ガイドラインというのも、果たして正しいのかというとかなり疑問が残るわけだが、製薬会社スポンサーの臨床トライアルがこのガイドライン順守性(adherence)に悪影響を与え、治療パターンや薬剤の好みに影響を与えるか・・・という問題とのこと
Andersenらは、観察研究にて、トライアルに毒されてない医師と、製薬会社スポンサーのトライアルを行っている医師を喘息治療で比較。医師の国際喘息治療推奨へのadherenceと薬剤選択を評価しているが、ガイドライン順守性には問題がないようである。・・・ただ、薬剤選択には当然影響をもたらす。

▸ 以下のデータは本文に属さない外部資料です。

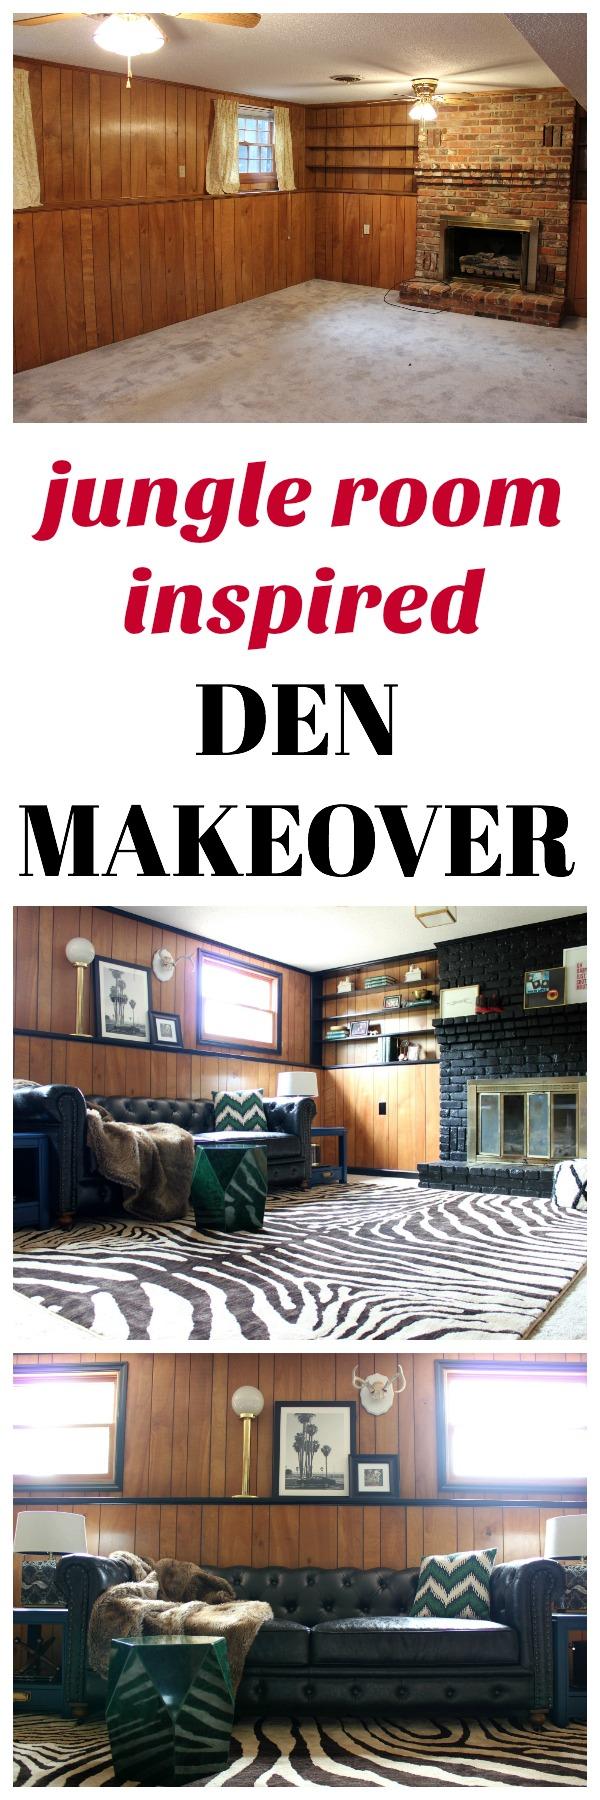 Jungle Room Inspired Den Makeover | Den Ideas | Den Decorating Ideas | Jungle Room Ideas | Elvis Jungle Room | Den Ideas with Fireplace

How Conducting a Clinical Trial Affects Physicians' Guideline Adherence and Drug Preferences
JAMA. 2006;295:2759-2764.
喘息治療ガイドラインのadherenceに関して、トライアル施行医師と対照医師では相違がなかった。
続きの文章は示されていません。